** Opening DATA EXCERPTS block **

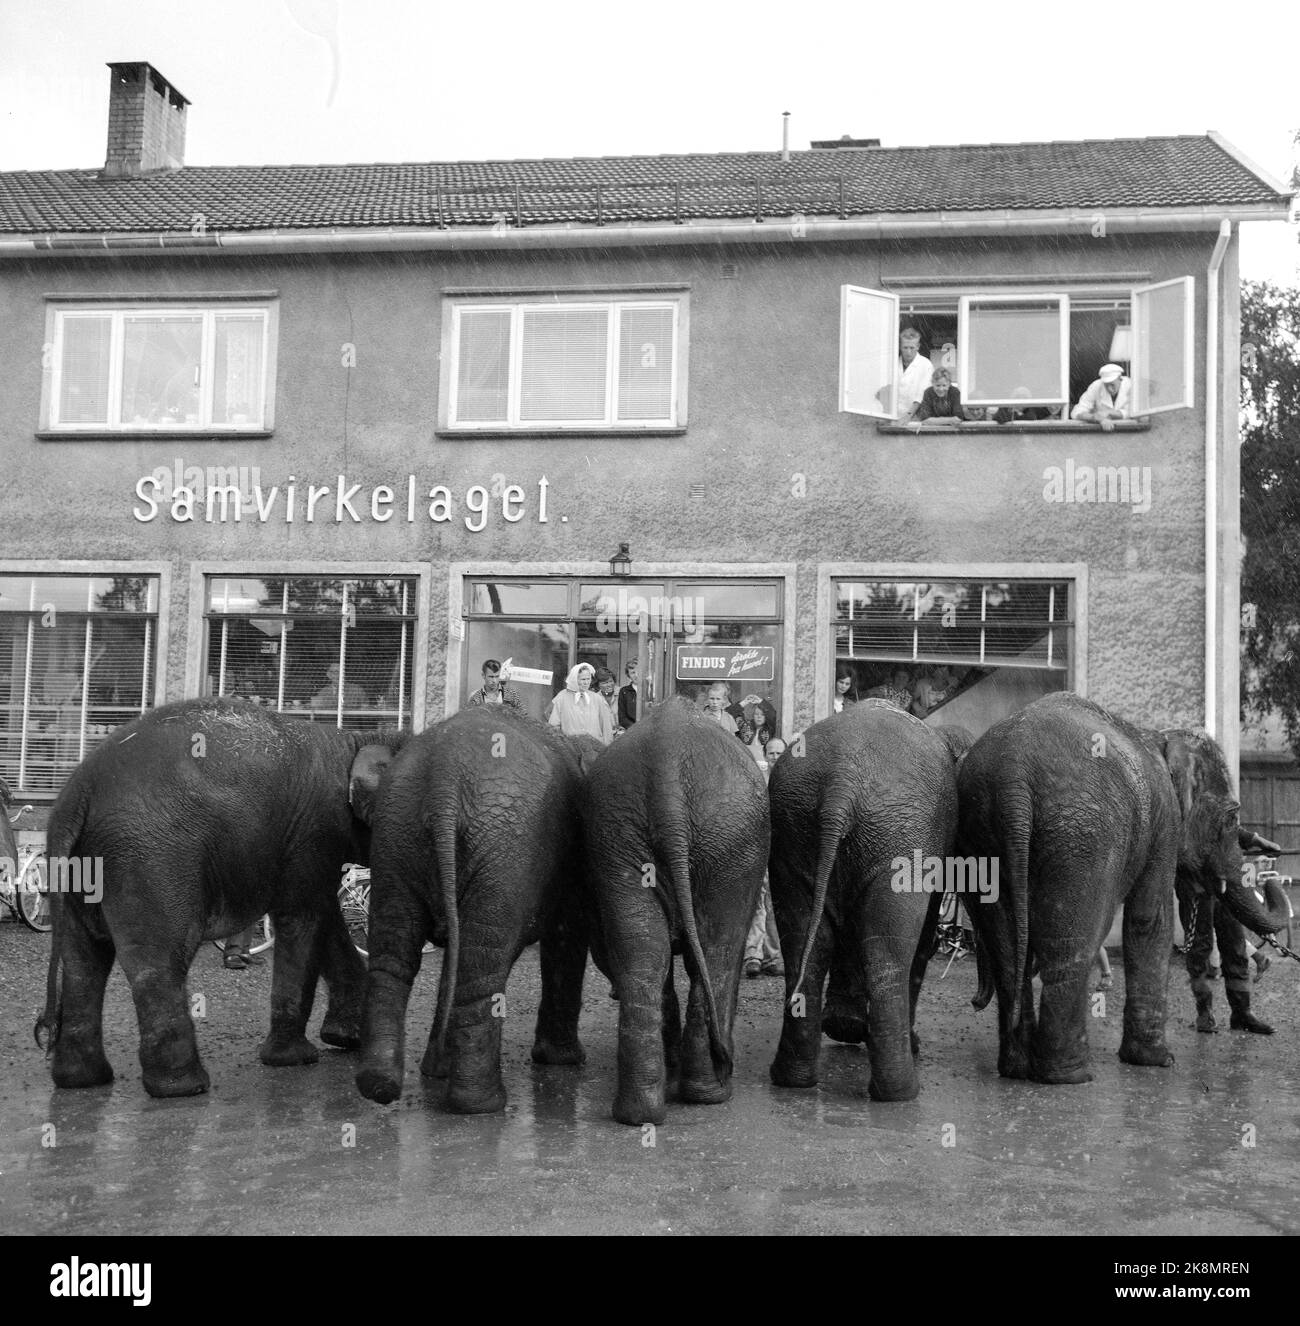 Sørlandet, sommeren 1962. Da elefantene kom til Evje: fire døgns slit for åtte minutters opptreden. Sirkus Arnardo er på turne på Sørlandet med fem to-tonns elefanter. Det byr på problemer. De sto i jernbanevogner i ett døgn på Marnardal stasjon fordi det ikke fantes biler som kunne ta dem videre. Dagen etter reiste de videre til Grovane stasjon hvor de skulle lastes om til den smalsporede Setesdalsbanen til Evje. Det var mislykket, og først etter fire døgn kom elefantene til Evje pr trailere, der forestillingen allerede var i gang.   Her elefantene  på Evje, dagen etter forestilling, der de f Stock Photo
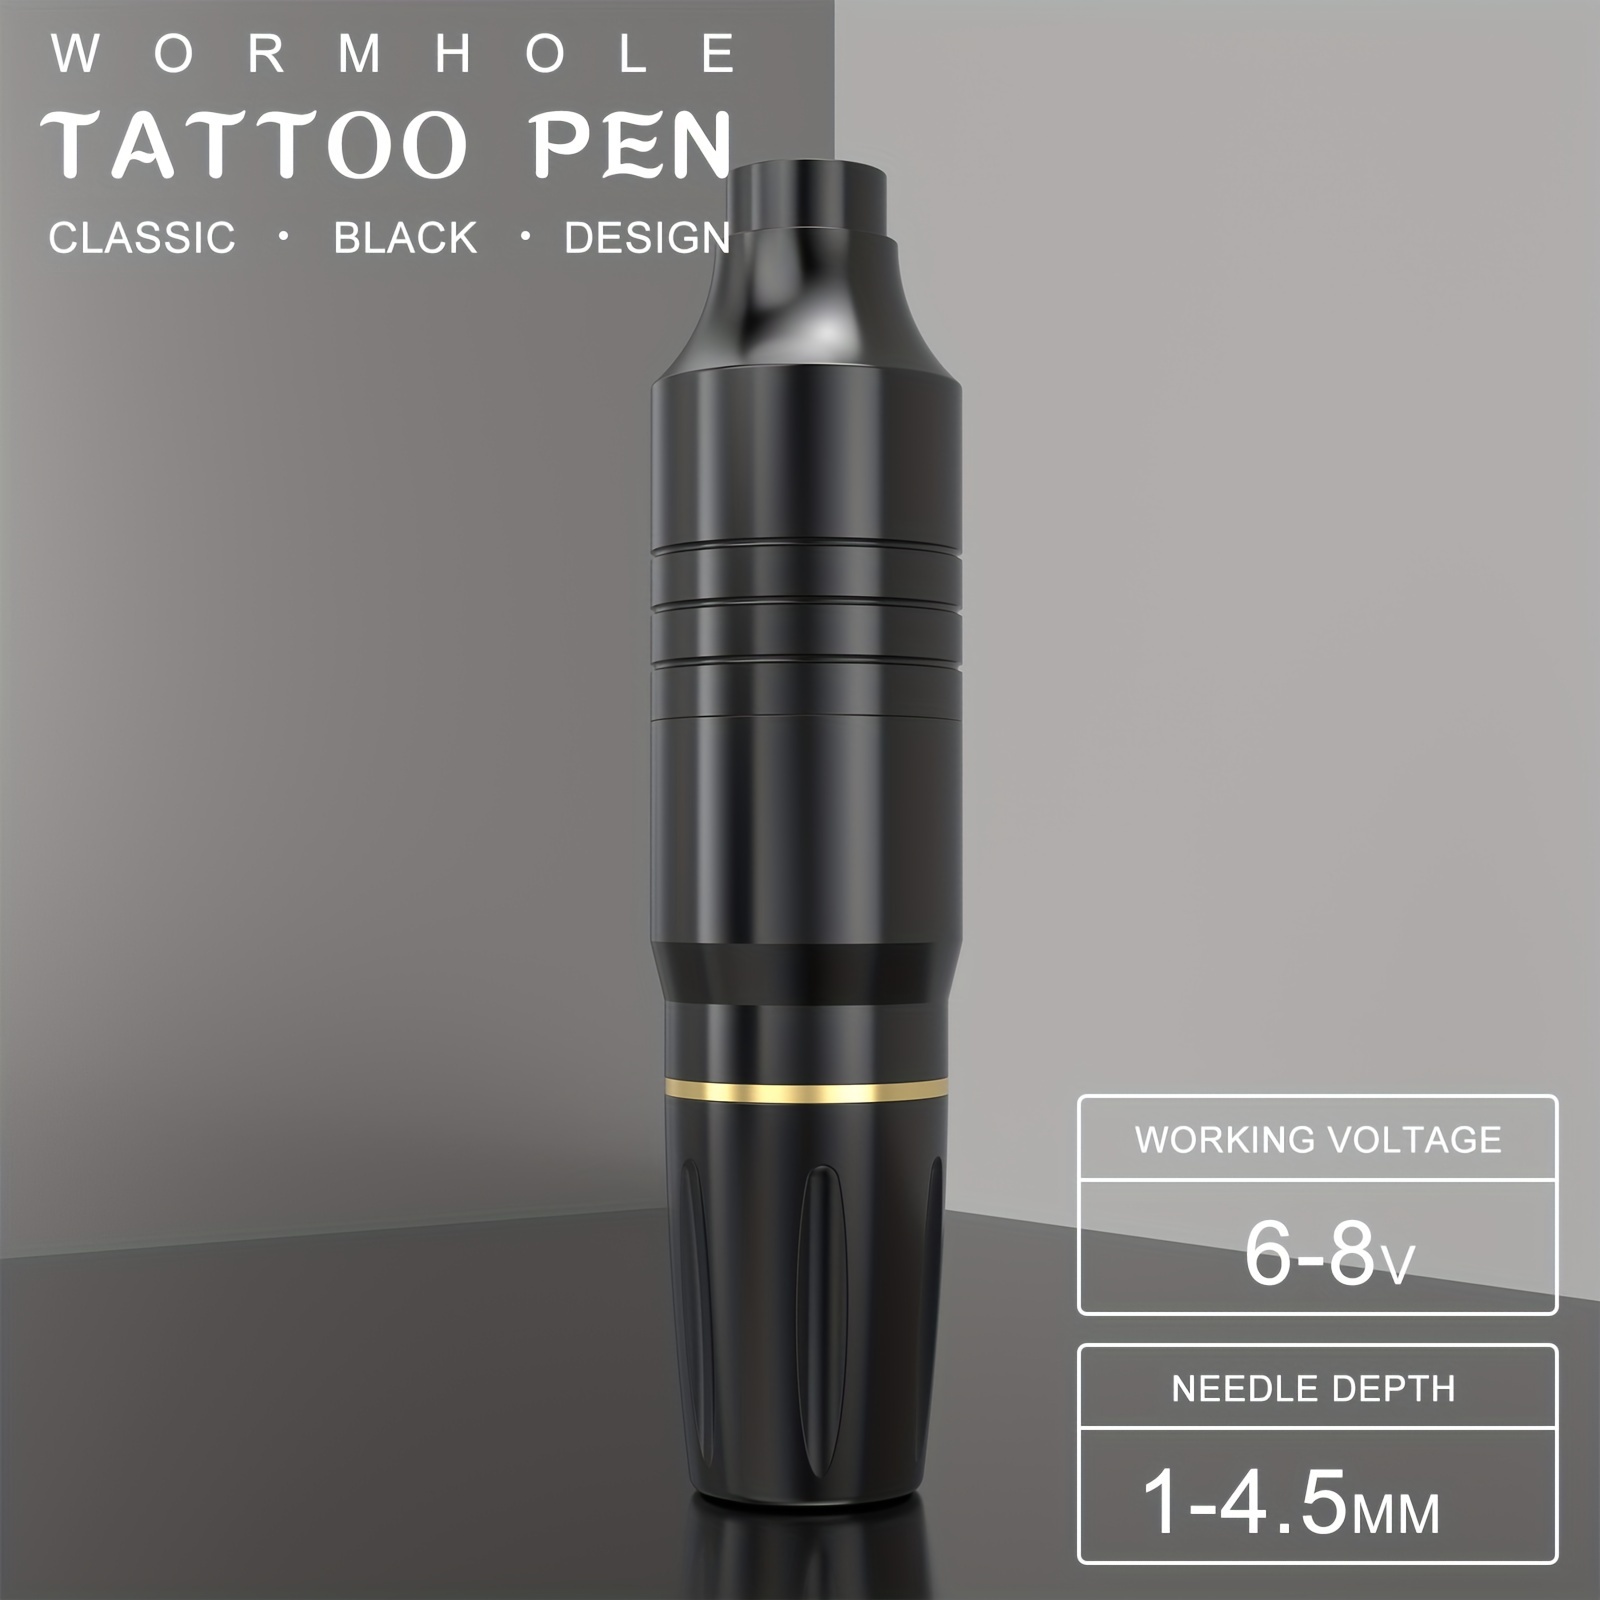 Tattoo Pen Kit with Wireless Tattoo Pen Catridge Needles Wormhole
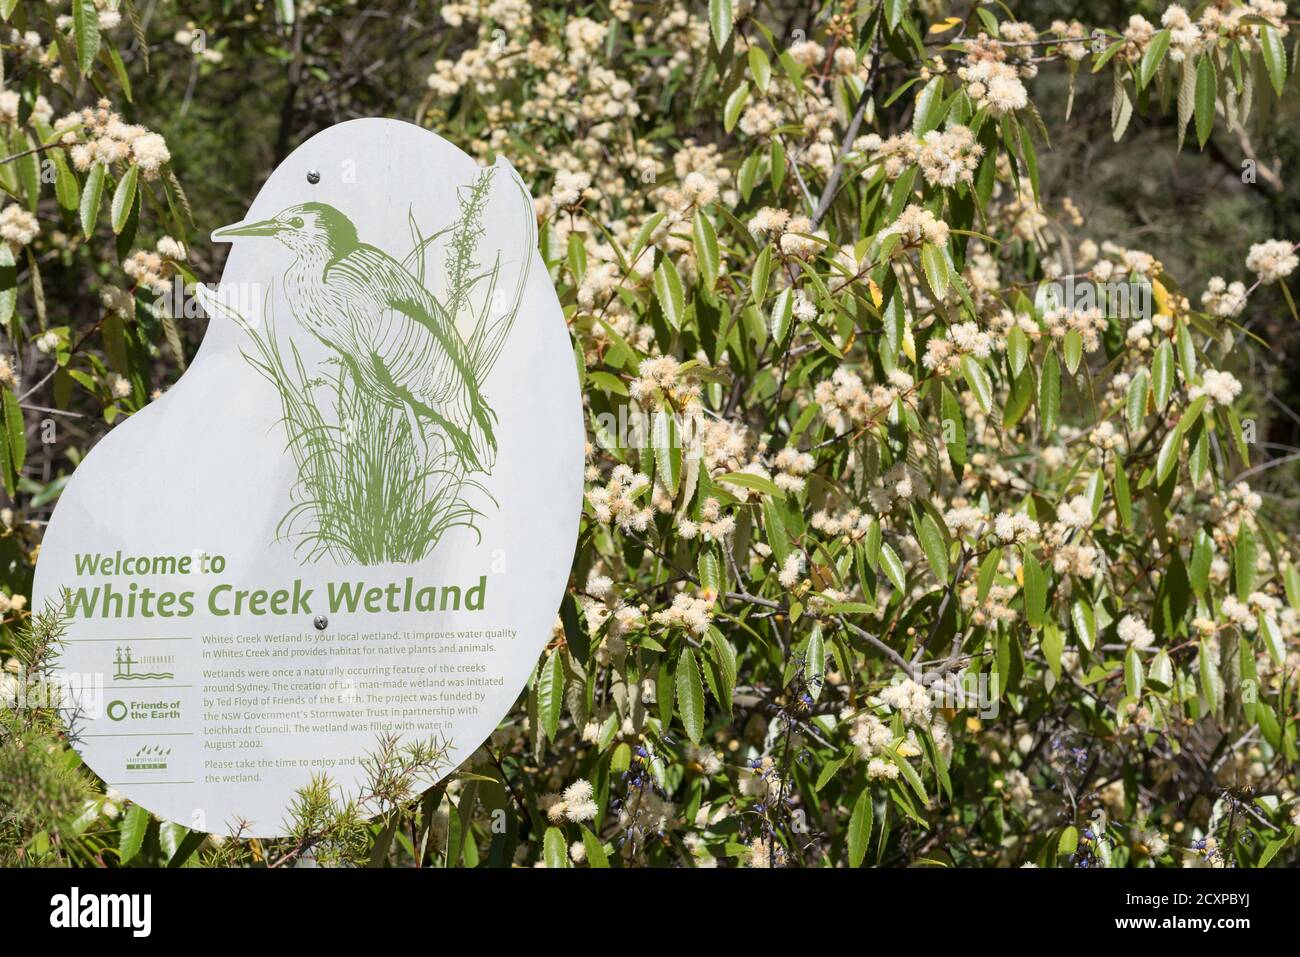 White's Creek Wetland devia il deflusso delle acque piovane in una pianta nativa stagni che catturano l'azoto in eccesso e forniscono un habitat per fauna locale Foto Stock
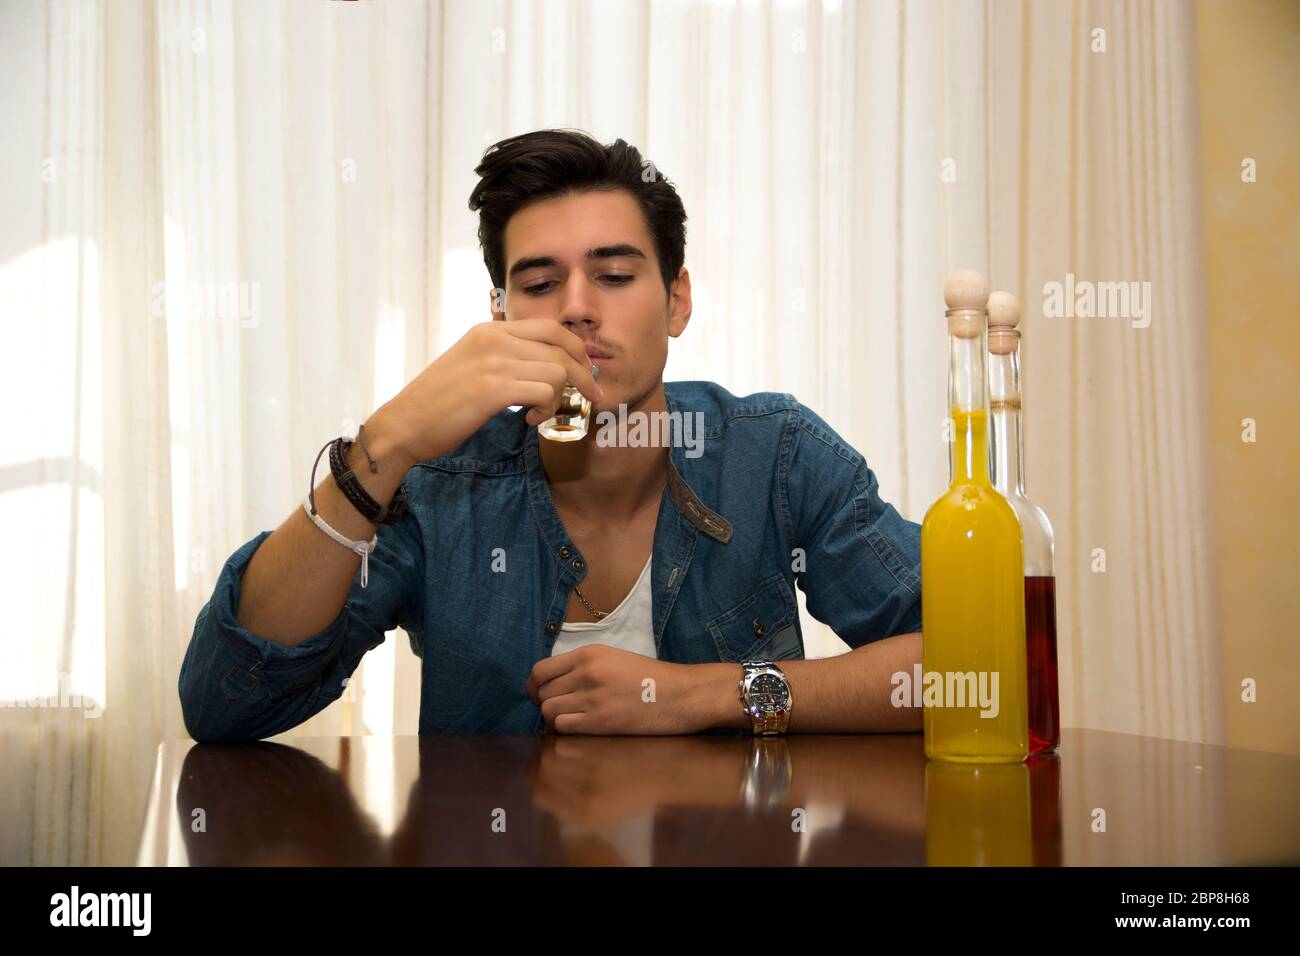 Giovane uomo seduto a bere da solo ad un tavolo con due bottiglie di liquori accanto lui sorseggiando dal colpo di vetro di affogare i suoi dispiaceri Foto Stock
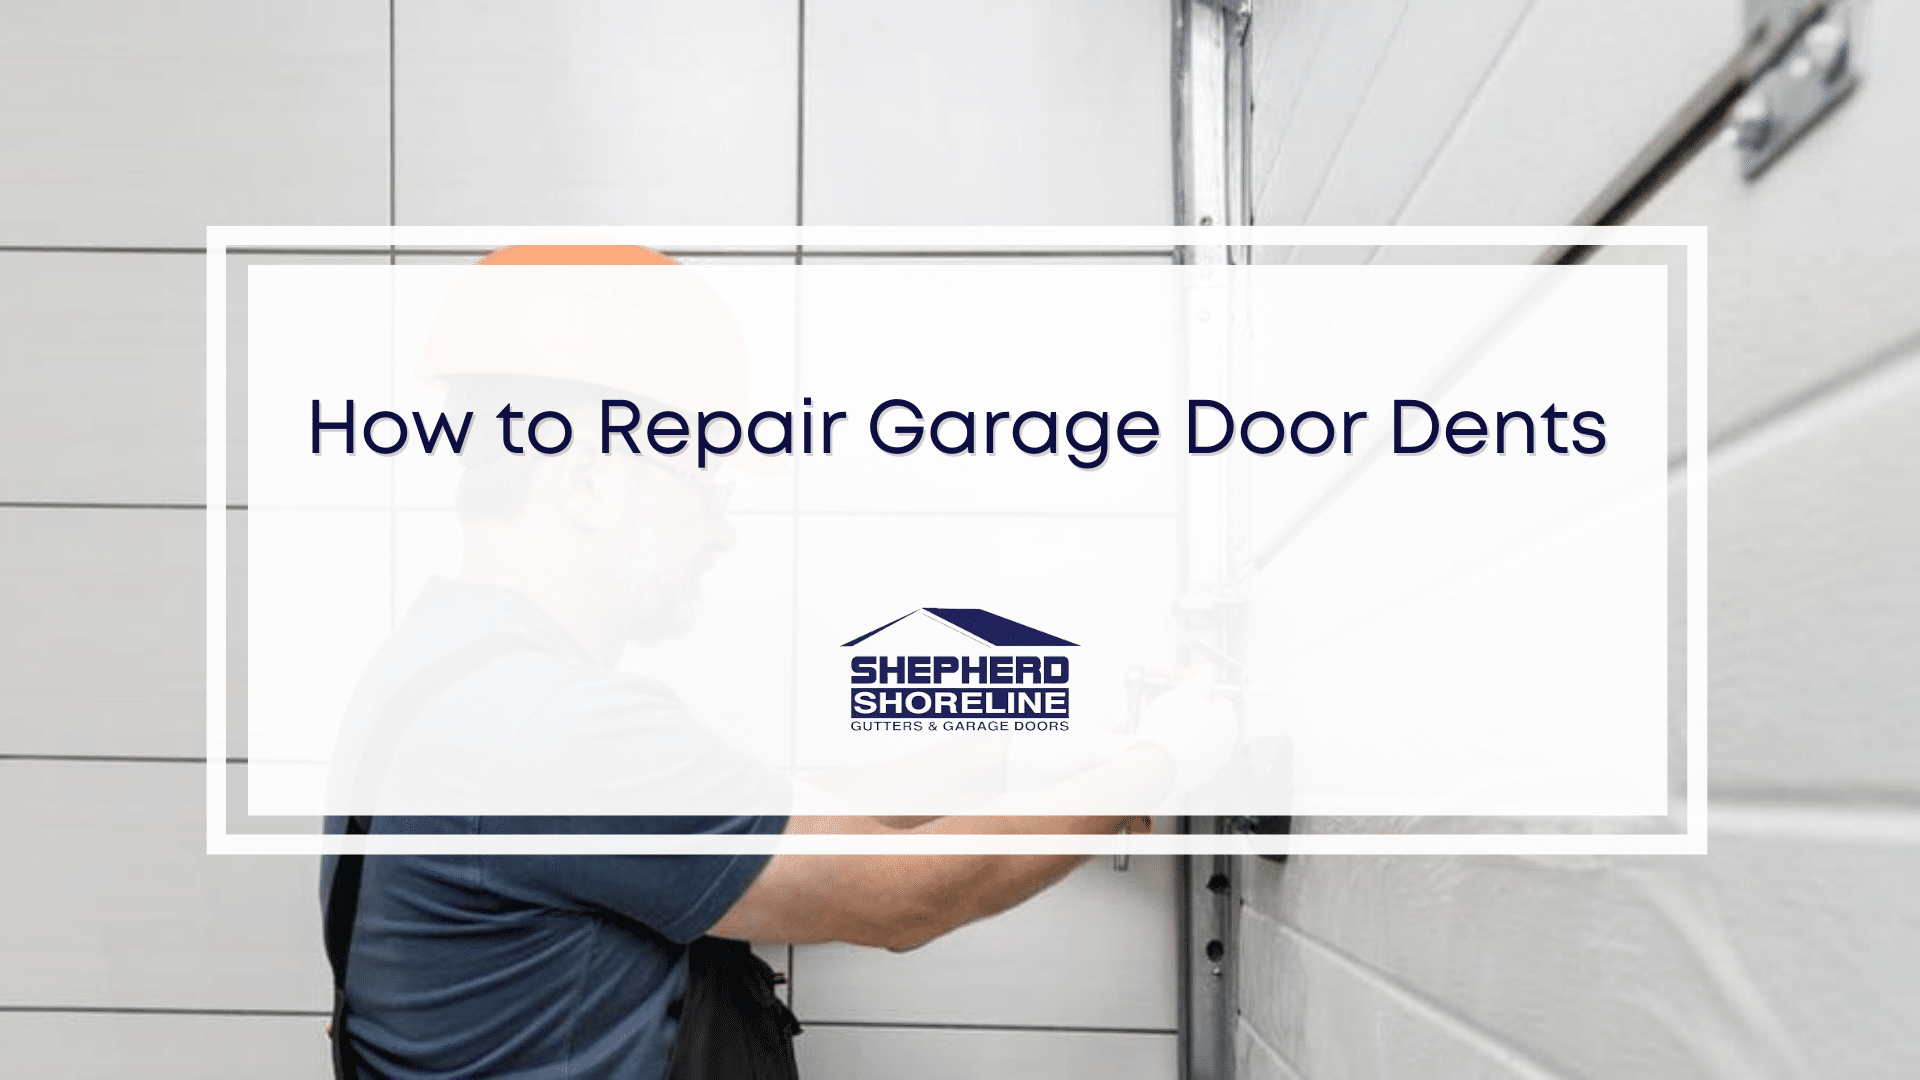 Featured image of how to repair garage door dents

** Closing DATA EXCERPTS block **

DIRECTIONS: For each entry above, write it out again exactly but leave out any picture.

RESPONSE TO THE EXERCISE:
 Sørlandet, sommeren 1962. Da elefantene kom til Evje: fire døgns slit for åtte minutters opptreden. Sirkus Arnardo er på turne på Sørlandet med fem to-tonns elefanter. Det byr på problemer. De sto i jernbanevogner i ett døgn på Marnardal stasjon fordi det ikke fantes biler som kunne ta dem videre. Dagen etter reiste de videre til Grovane stasjon hvor de skulle lastes om til den smalsporede Setesdalsbanen til Evje. Det var mislykket, og først etter fire døgn kom elefantene til Evje pr trailere, der forestillingen allerede var i gang.   Her elefantene  på Evje, dagen etter forestilling, der de f Stock Photo
 Tattoo Pen Kit with Wireless Tattoo Pen Catridge Needles Wormhole
 White's Creek Wetland devia il deflusso delle acque piovane in una pianta nativa stagni che catturano l'azoto in eccesso e forniscono un habitat per fauna locale Foto Stock
 Giovane uomo seduto a bere da solo ad un tavolo con due bottiglie di liquori accanto lui sorseggiando dal colpo di vetro di affogare i suoi dispiaceri Foto Stock
 Featured image of how to repair garage door dents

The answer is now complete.